Academy Award winner Patricia Arquette went in on Hollywood's lack of inclusion Wednesday at a panel of young women filmmakers for the Tribeca Film Festival. As moderator, Arquette added to a train of public thought that actress Viola Davis made explicit in her Emmy acceptance speech last year: Diversity in Hollywood is all about opportunity.
"When women are not given the opportunity to do something, you can't judge the value of what they contributed," Arquette said, according to the Guardian. "You can't say that their time hasn't come or that they are not prepared for that."
Arquette noted that a message of "You can do anything" to young girls feels hollow when out of the top 250 films in a year, only 7% were directed by a woman.
"That's not an acceptable number — 7% of directors," she said. "As a film lover, I feel that film suffers ... if we don't have diversity. Men of color are not having enough opportunities. Women of color certainly are not having enough opportunities. And, obviously, women in general aren't having enough opportunities and I think we are suffering for it."

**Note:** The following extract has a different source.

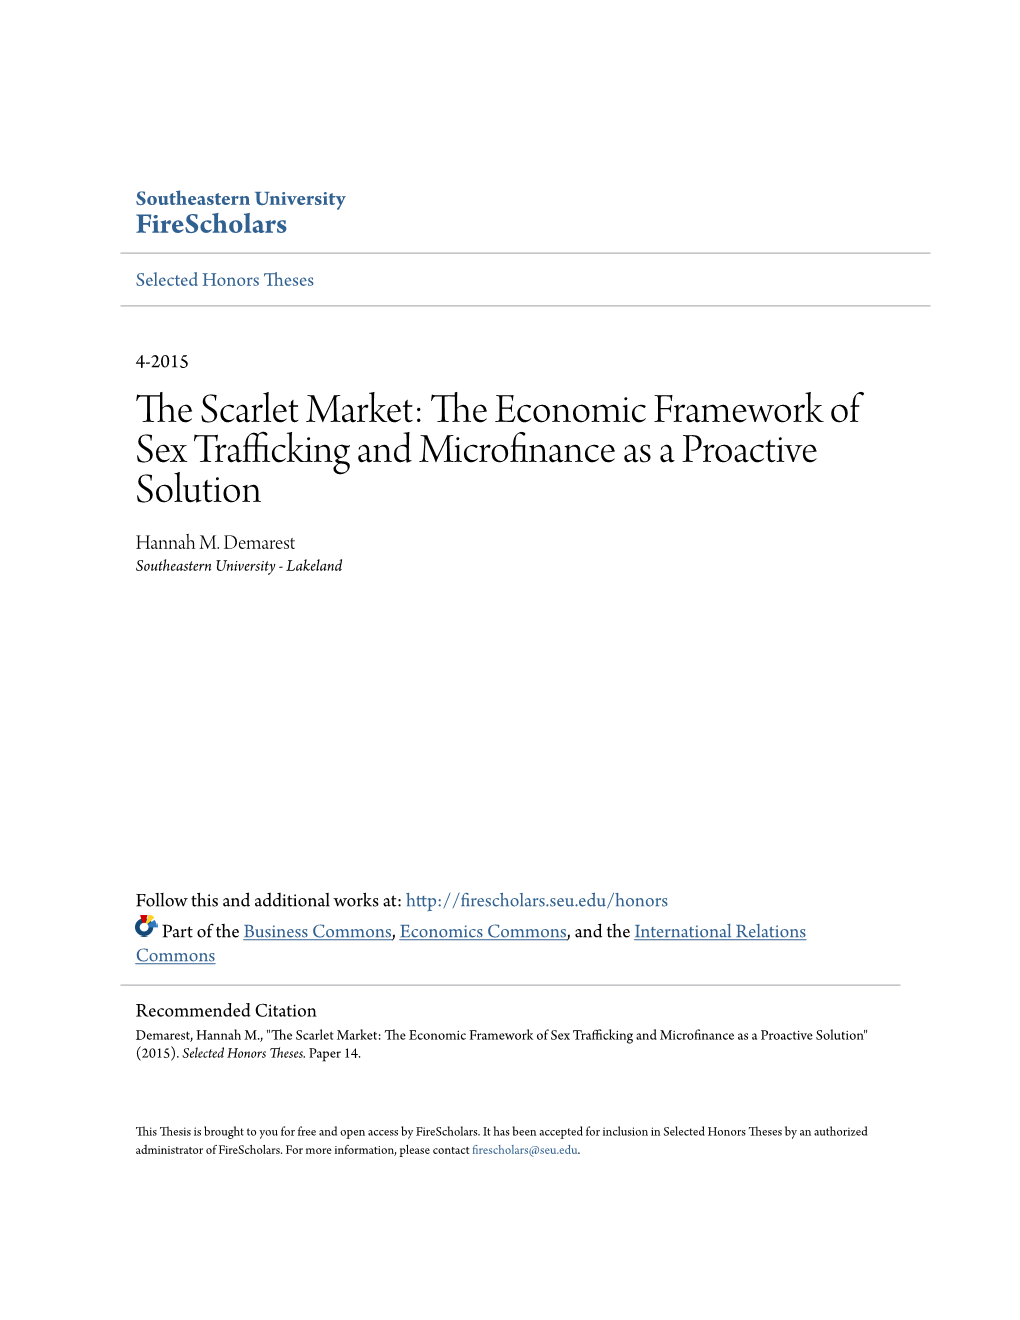 The Economic Framework of Sex Trafficking and Microfinance As A

When women don't have opportunities, either behind the camera or in front of it, they don't get the chance to show what they can do. So saying they're not as qualified as their male counterparts doesn't wash for Arquette.
"That's always the convenient argument that people have made throughout times on how to oppress other people — that their value is less, that they don't have a story to tell, that they don't have the skills, that they aren't smart enough," she said. "I think that's not a valid argument at all."